(Problem statement) Would you please repeat, word for word, only the lines from the one holding "(AGENCY) Pre-Trip Inspection Checklist" through the one holding "Minimalist bedroom ideas" in the material below, without the pictures?

(Data to use)
- - -

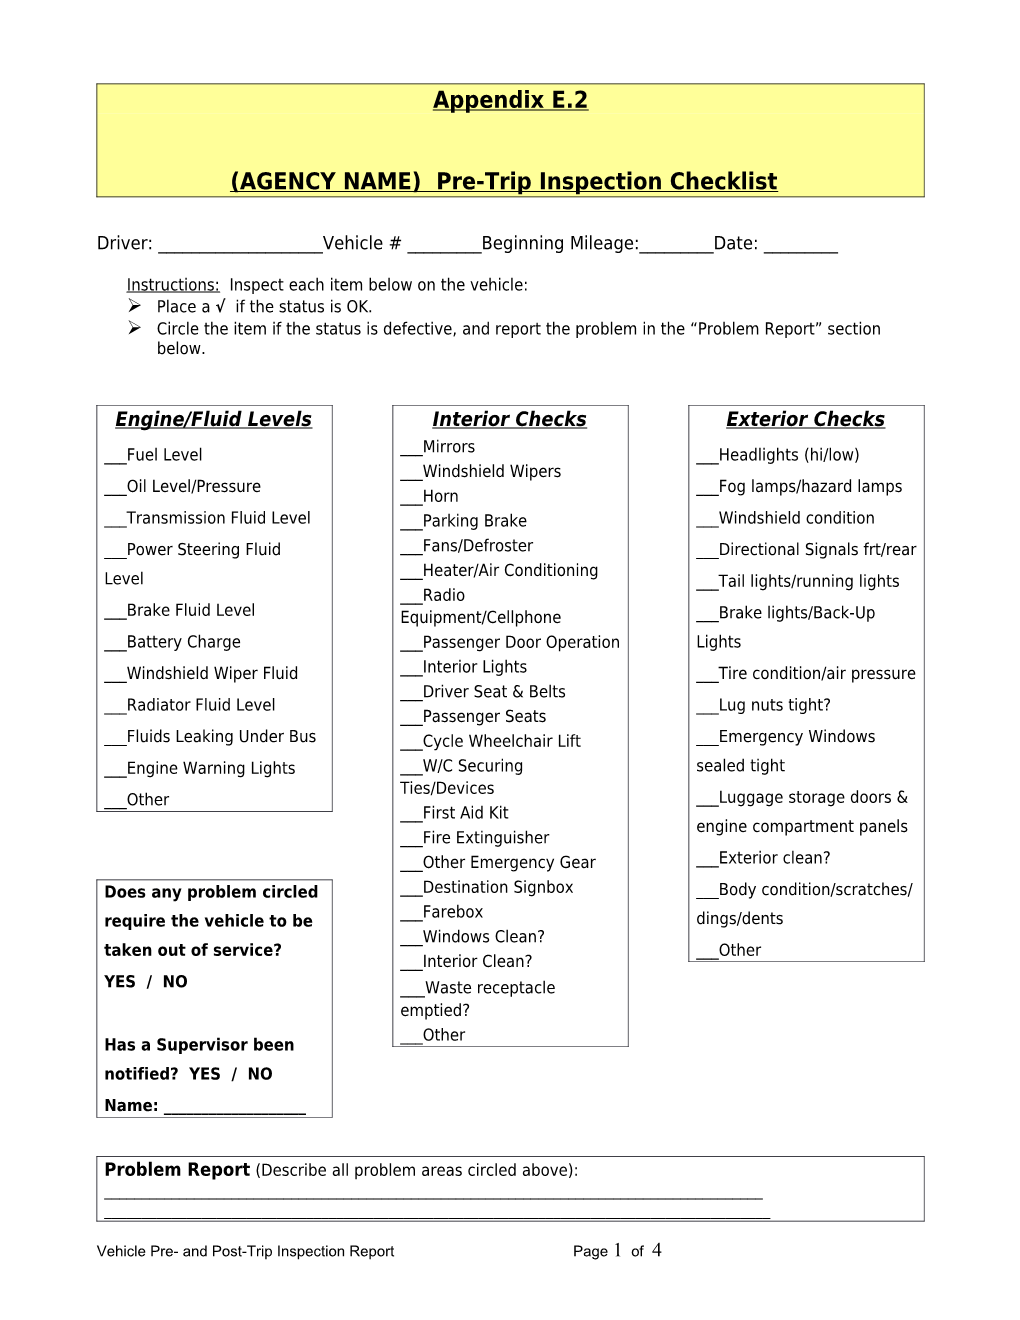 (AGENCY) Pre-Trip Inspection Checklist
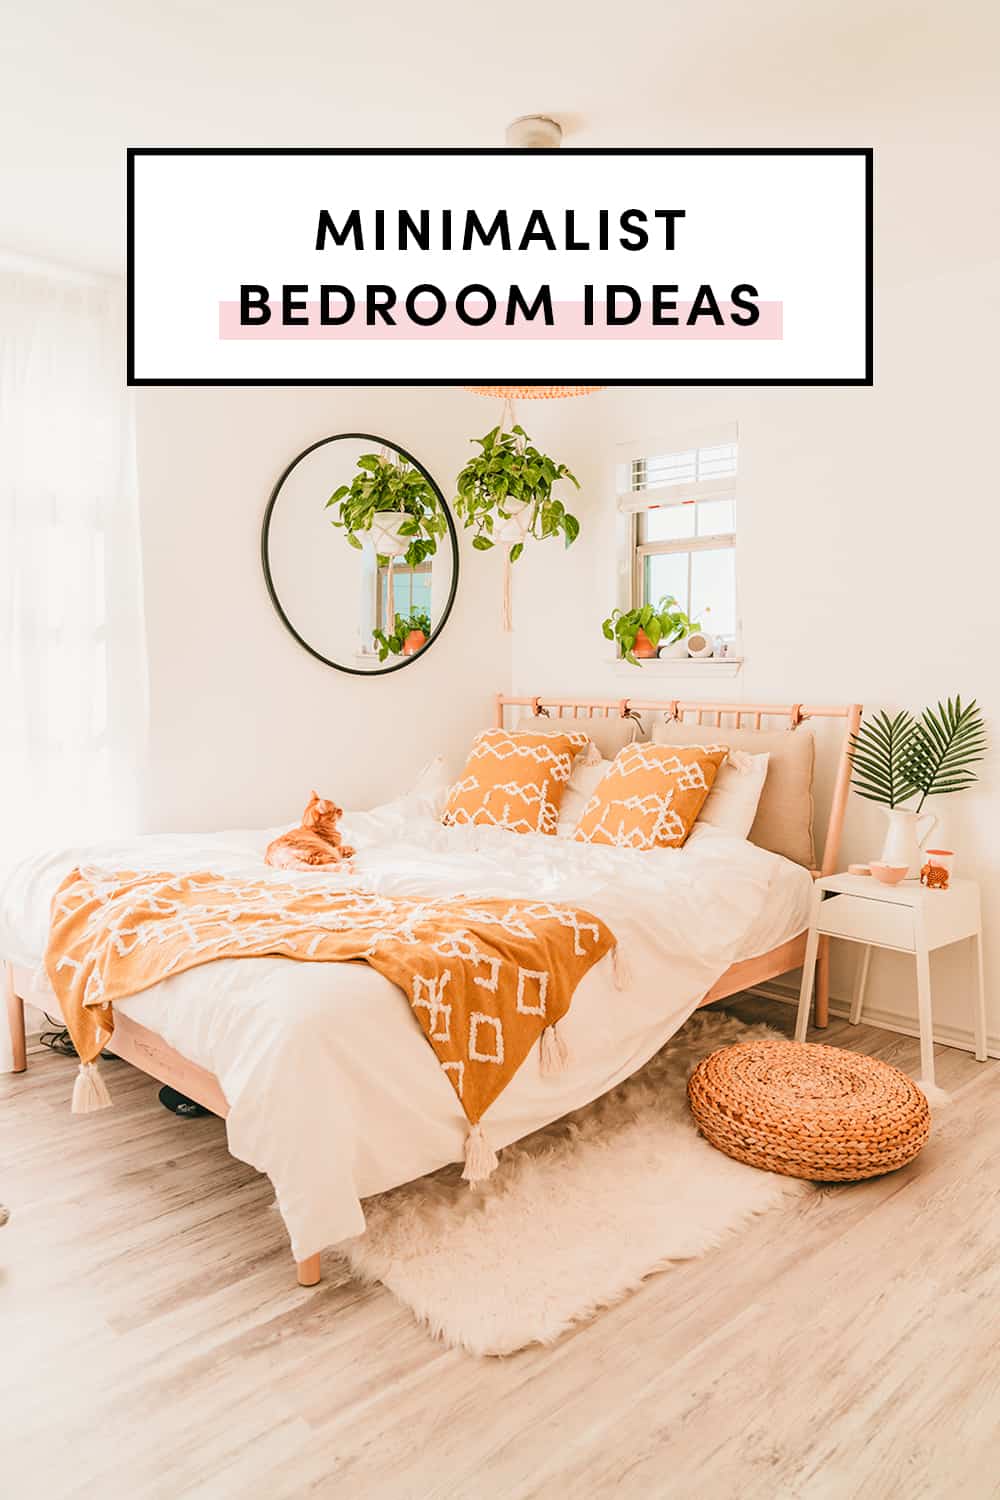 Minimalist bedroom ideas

- - -

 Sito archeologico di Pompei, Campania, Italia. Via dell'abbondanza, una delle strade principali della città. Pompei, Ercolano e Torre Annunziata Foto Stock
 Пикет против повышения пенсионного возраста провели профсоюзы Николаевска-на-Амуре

- - -

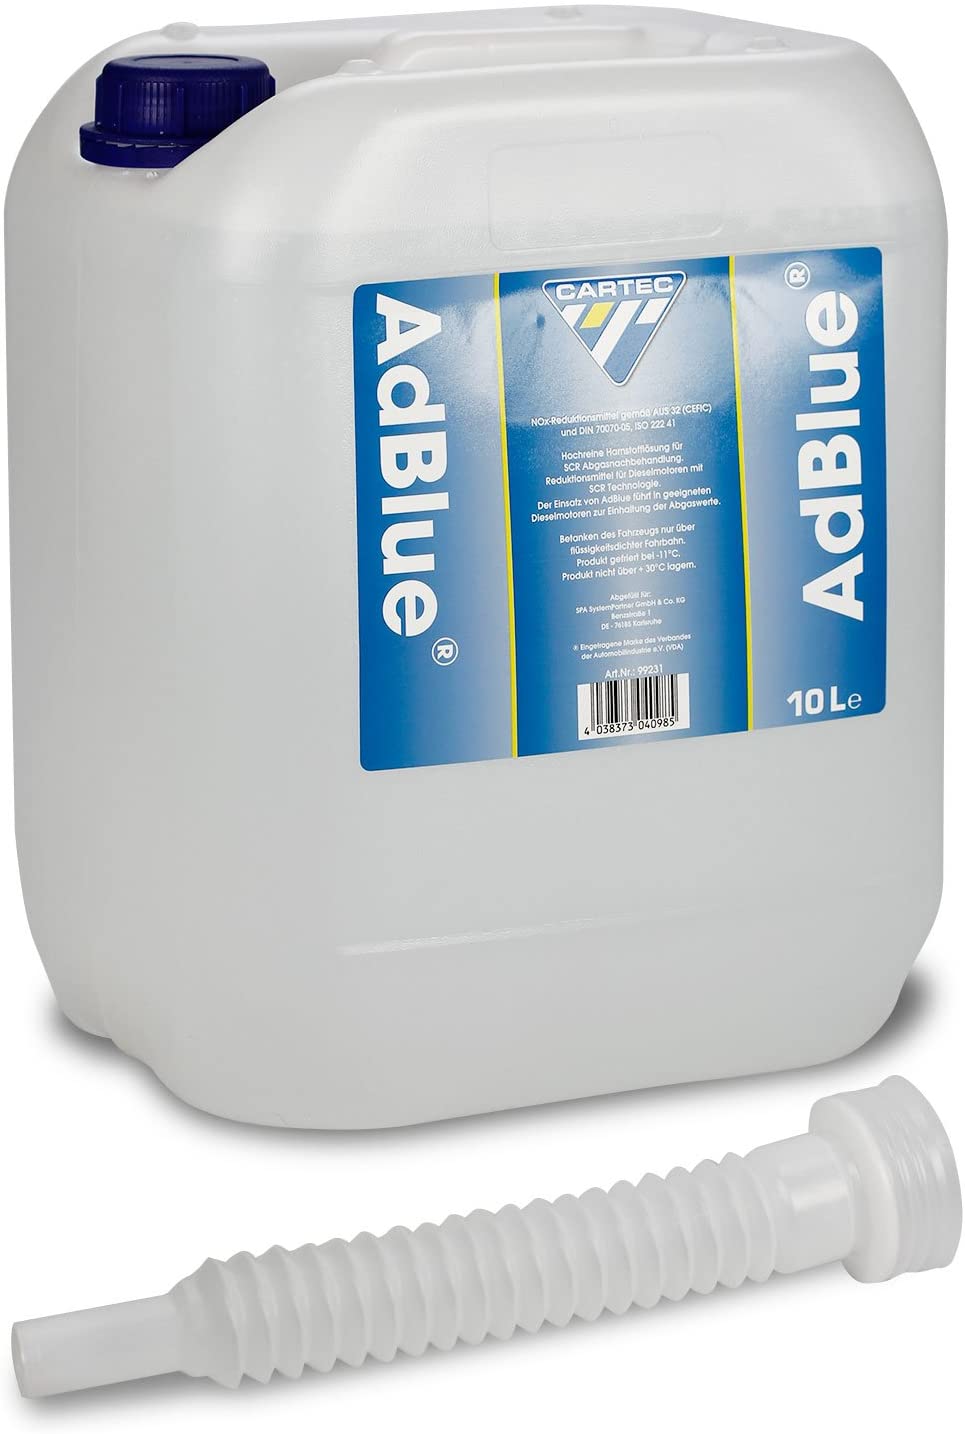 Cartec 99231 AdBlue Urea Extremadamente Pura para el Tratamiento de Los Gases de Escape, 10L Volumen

- - -

(Answer section)
 (AGENCY) Pre-Trip Inspection Checklist
 Minimalist bedroom ideas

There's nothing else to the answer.